▶ **WHAT THIS TASK INVOLVES**:
Copy out the data below from the line containing "Click this image" to the line containing "Diana the real story of her life", both lines included, with all images left out.

++++ SUPPLIED ENTRIES

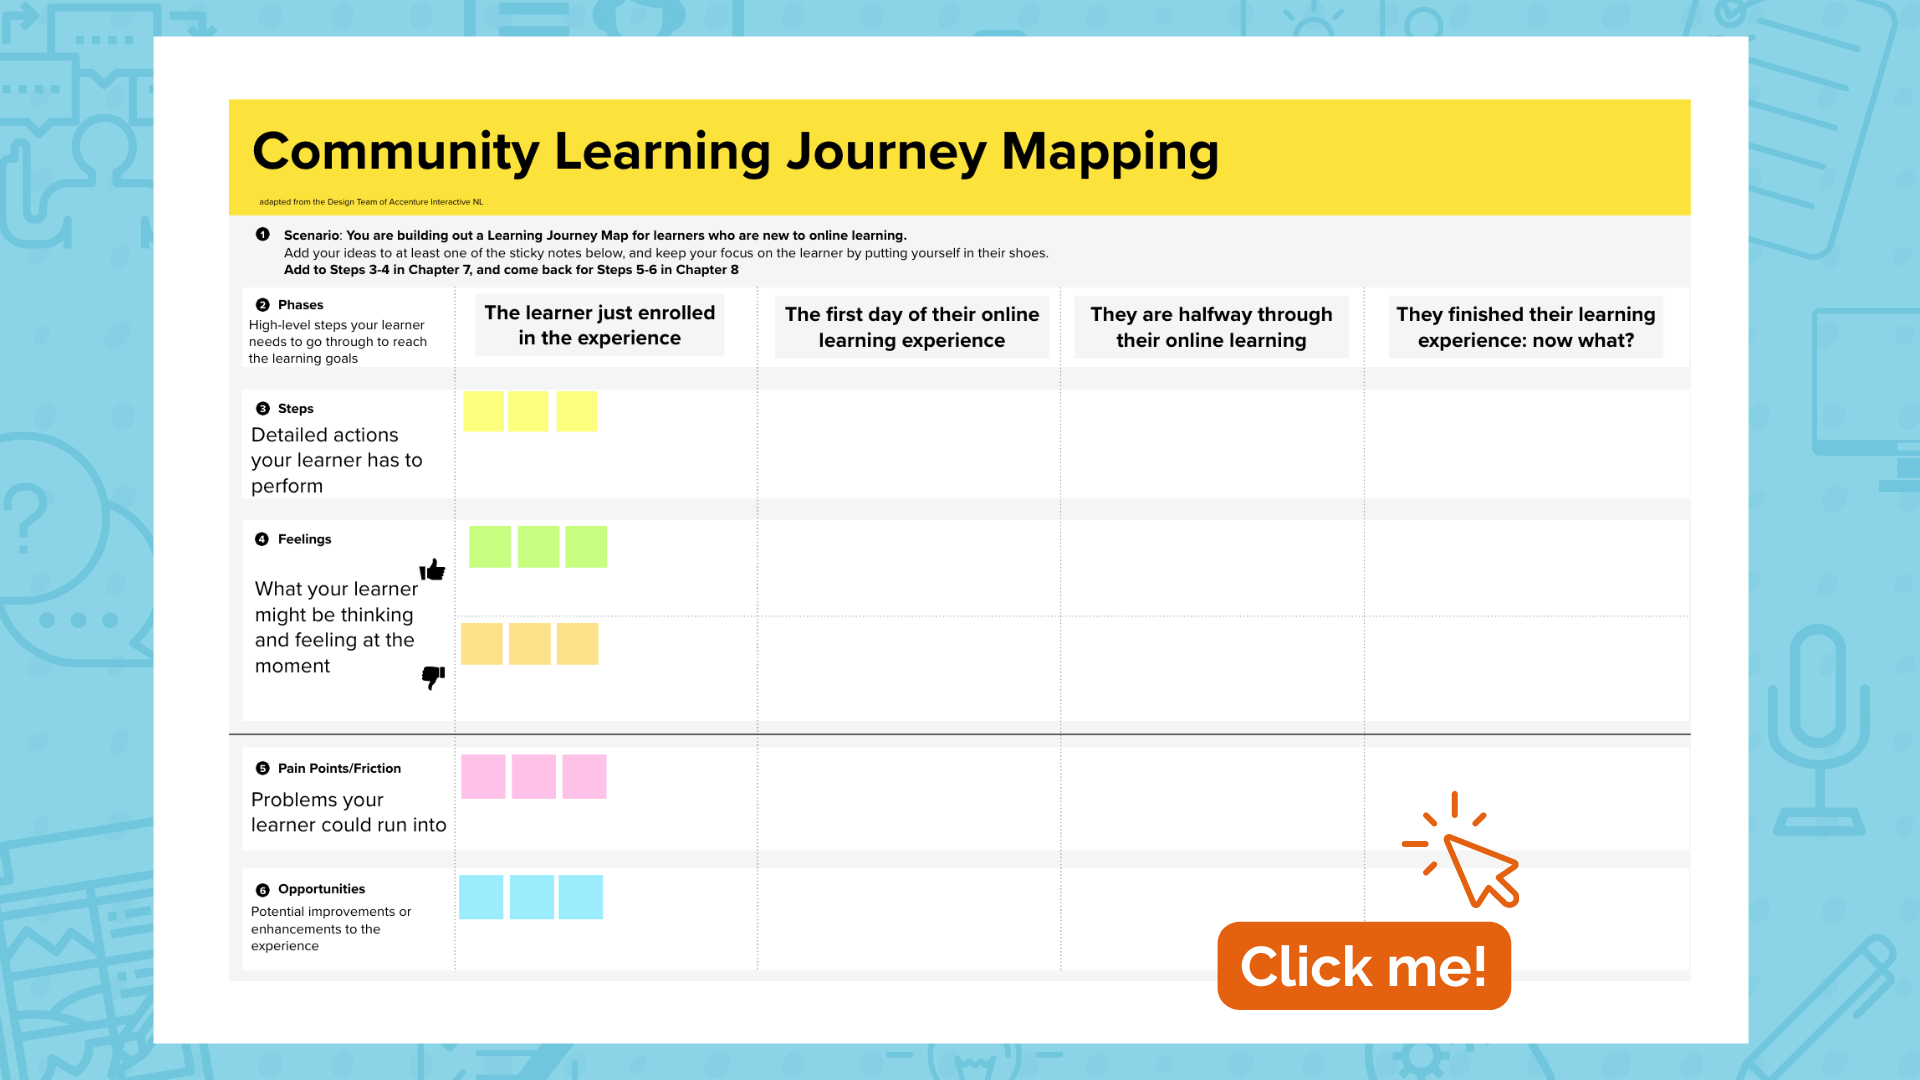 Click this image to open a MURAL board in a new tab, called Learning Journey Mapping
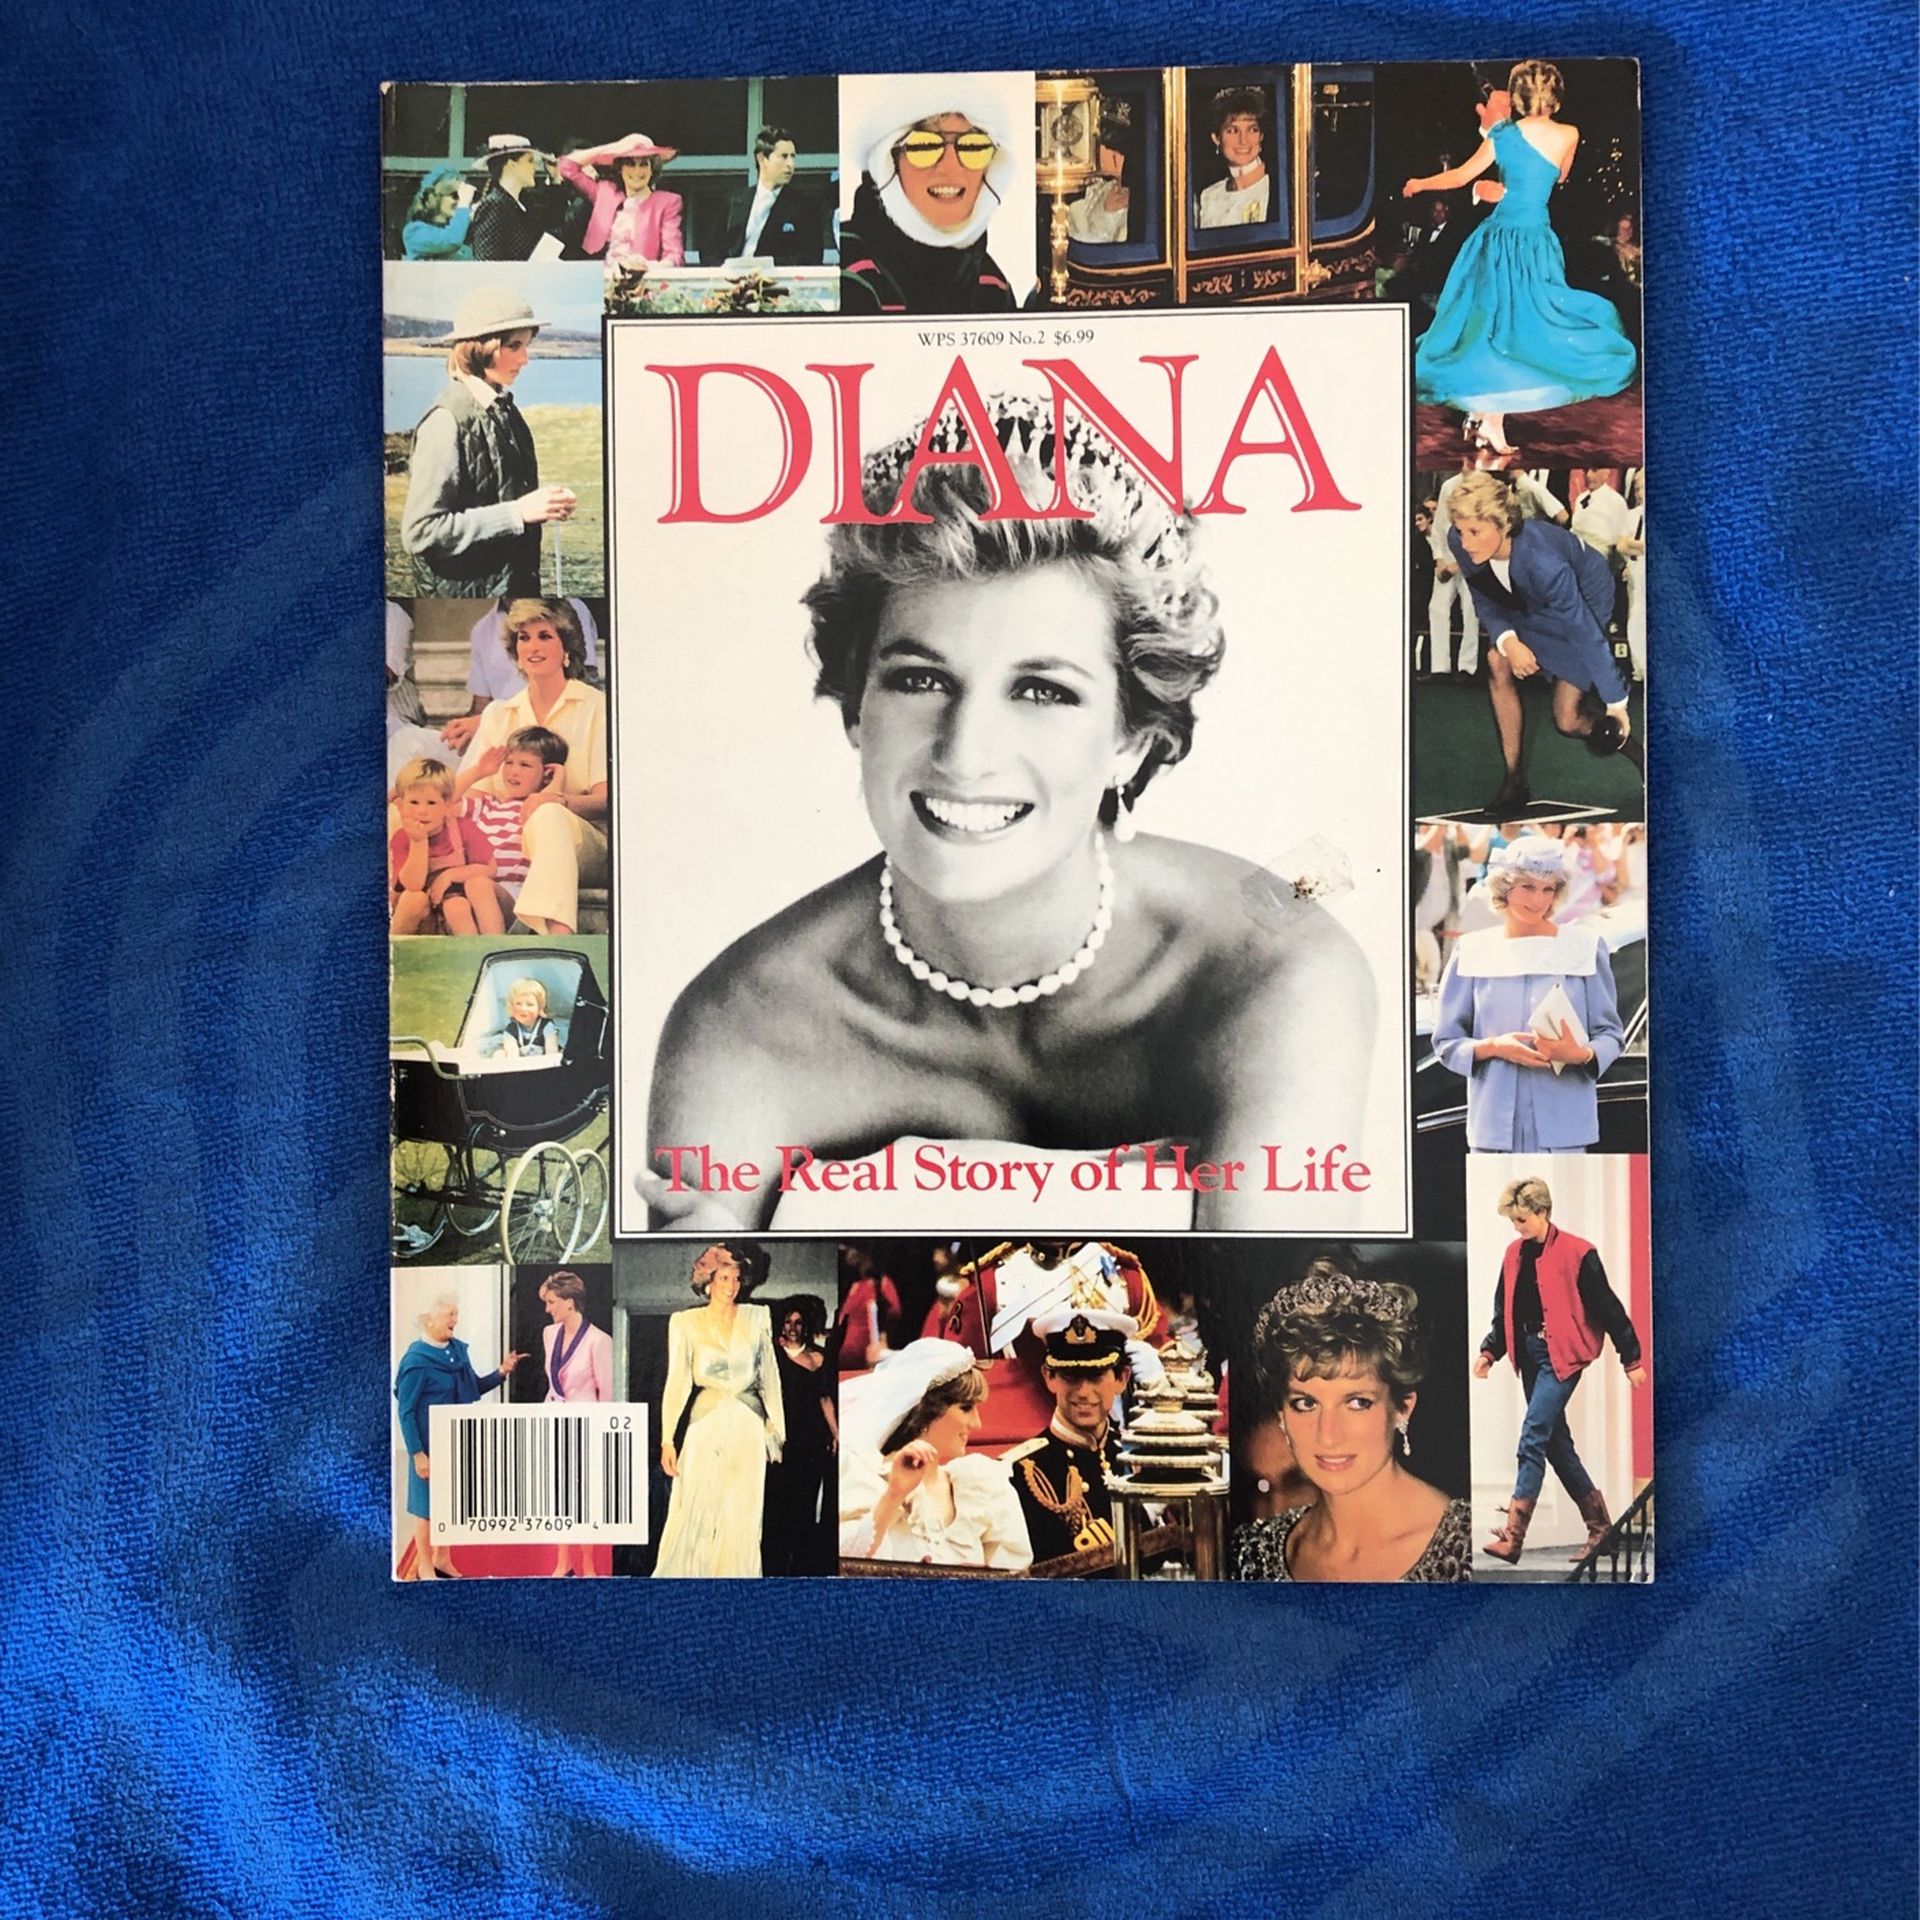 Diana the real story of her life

++++++++
++++ SUPPLIED ENTRIES

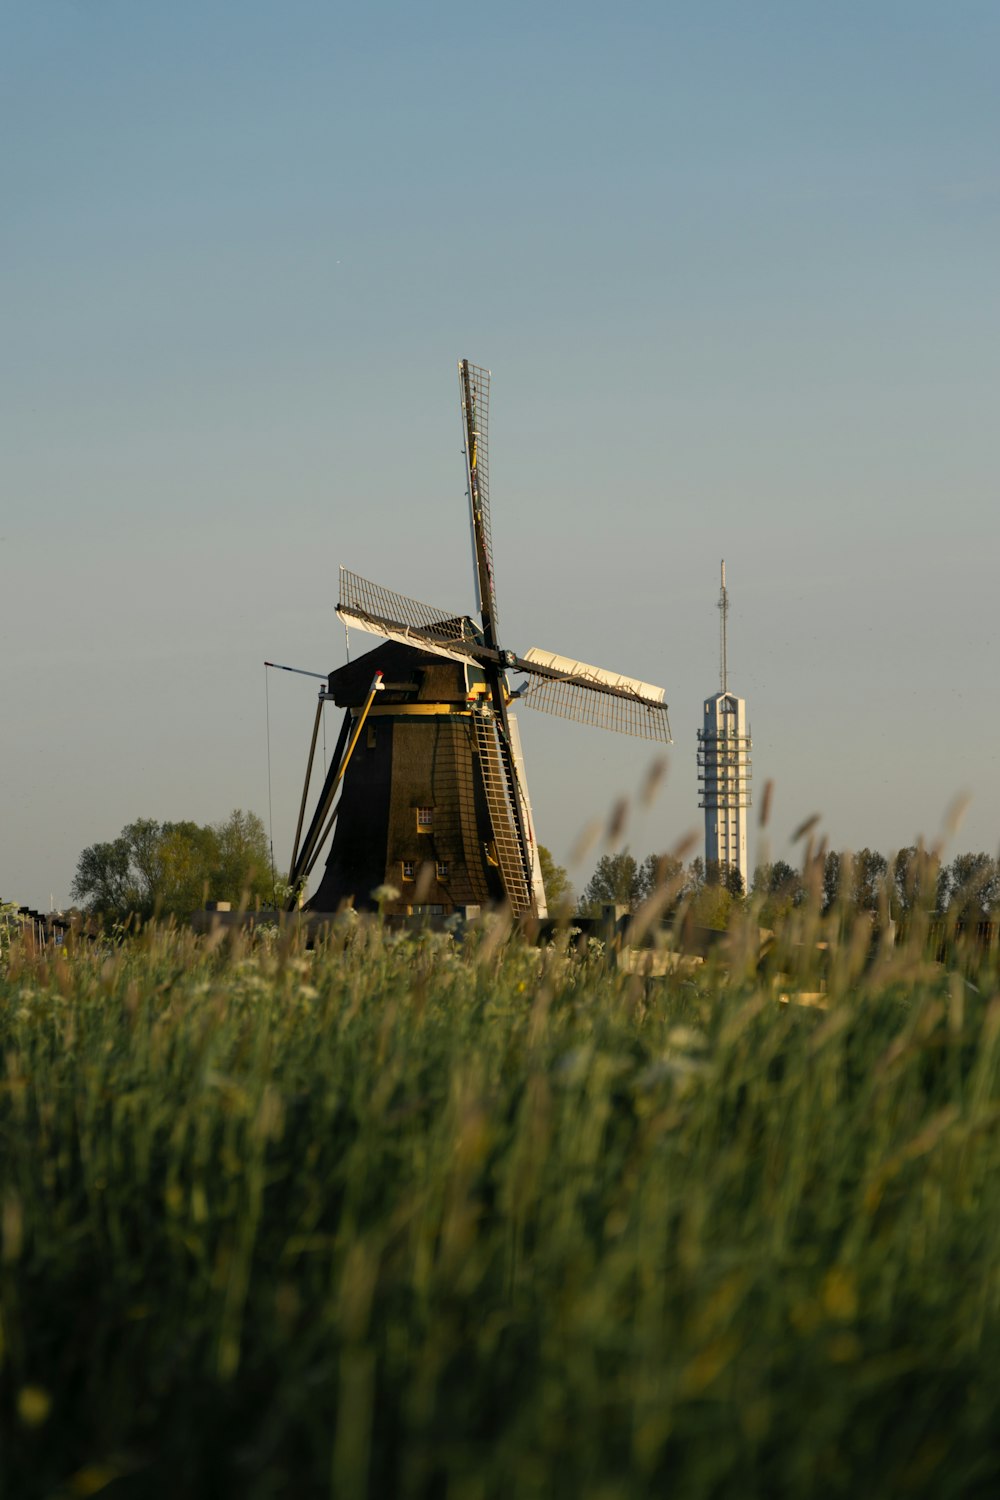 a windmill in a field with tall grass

++++++++

▶ **SOLUTION FOR THIS EXERCISE**:
 Click this image to open a MURAL board in a new tab, called Learning Journey Mapping
 Diana the real story of her life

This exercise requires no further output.